Only Koevoet, being part of the South West African Police (SWAPOL), was disbanded as part of independence negotiations for South West Africa (now Namibia). Many members of the other units, or simply former national servicemen, were recruited by Executive Outcomes (EO).

===Formation===
Eeben Barlow and Michael Mullen, formerly in charge of the Western European section of the CCB, established Executive Outcomes (EO) in 1989. Its aim was to provide specialised covert training to Special Forces members. Barlow was also awarded a contract by Debswana to train a selected group of security officers to infiltrate and penetrate the illegal diamond dealing syndicates in Botswana. When Debswana discovered EO was training the Angolan Armed Forces (FAA), it promptly cancelled EO's contract.

"Many of Barlow's Special Forces students would later join him at EO after he started recruiting men to assist with the training of the Angolan forces," says Walter Halicki, one of Eeben's associates in the FAA.

The company also went on to recruit many of its personnel from the units President F. W. De Klerk disbanded. Even former enemy fighters of the uMkhonto we Sizwe and Azanian People's Liberation Army were recruited as well since many were found out of work after their own restructuring and integration to the South African National Defense Force. At its peak, EO employed about 2,000 former soldiers.

Barlow registered Executive Outcomes Ltd in the UK on the insistence of the South African Reserve Bank. There is some confusion over this issue as a top secret British intelligence report states that "Executive Outcomes was registered in the UK in September 1993 by Anthony (Tony) Buckingham, a British businessman and Simon Mann, a former British officer". Buckingham denies that he registered EO in London and consistently denies any "corporate ties" to EO.

===Key personnel===
Apart from founder Eeben Barlow (CEO), other senior EO personnel were Lafras Luitingh (Deputy to CEO) and Nic van der Bergh (CEO after Barlow resigned).
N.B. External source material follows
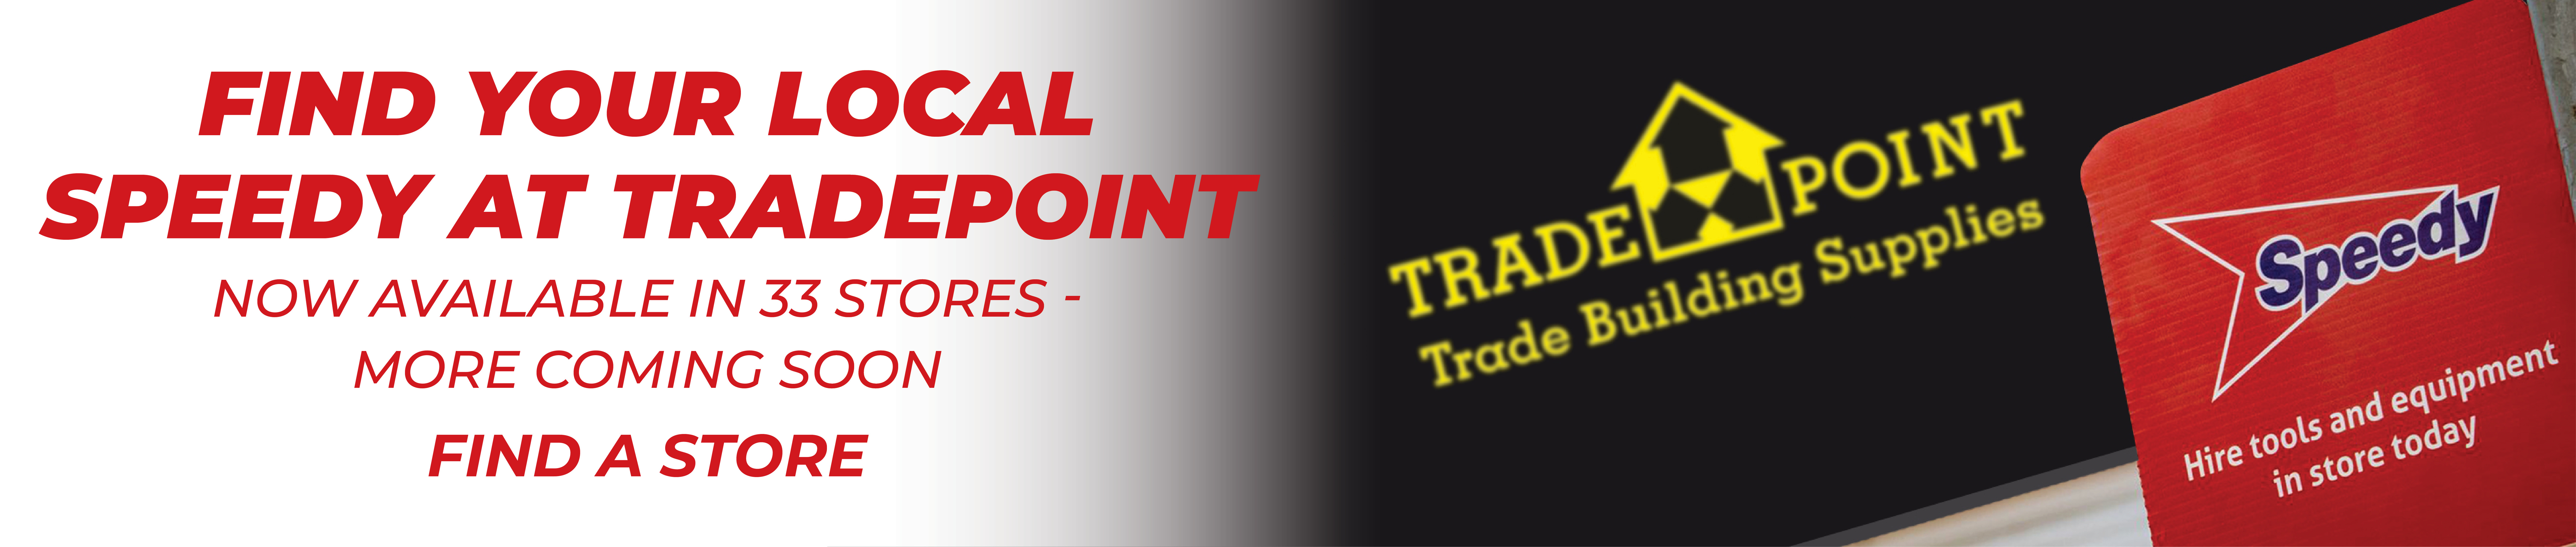 Find your nearest Speedy at Tradepoint.

Senior associates included Simon Mann, Tony Buckingham and Derek Williams who, along with Barlow and Luitingh were the executive officers of Ibis Air, the aircraft procurement organisation for Executive Outcomes which was essentially their private "air force". Crause Steyl was the South African-based director of Ibis Air.

==Activities==
===Angola===
Executive Outcomes initially trained and later fought on behalf of the Angolan government against UNITA after UNITA refused to accept the election results in 1992. This contract was awarded to the company after EO had assisted Ranger Oil with an equipment recovery operation in the harbour town of Soyo. Dubbed by the South African media as an attempt to assassinate the rebel leader Dr. Jonas Savimbi, EO found itself under constant UNITA attacks where it lost three of its men. This action saw EO as being recognised by the FAA and a contract to train its forces was awarded. In a short space of time, UNITA was defeated on the battlefield and sued for peace. The Angolan government, under pressure from the UN and the US, were forced to terminate EO's contract. EO was replaced by the UN's peacekeeping force known as UNAVEM. Angola returned to war shortly thereafter.

===Sierra Leone===
In March 1995, the company contained an insurrection of guerrillas known as the Revolutionary United Front (RUF) in Sierra Leone, regained control of the diamond fields, and forced a negotiated peace.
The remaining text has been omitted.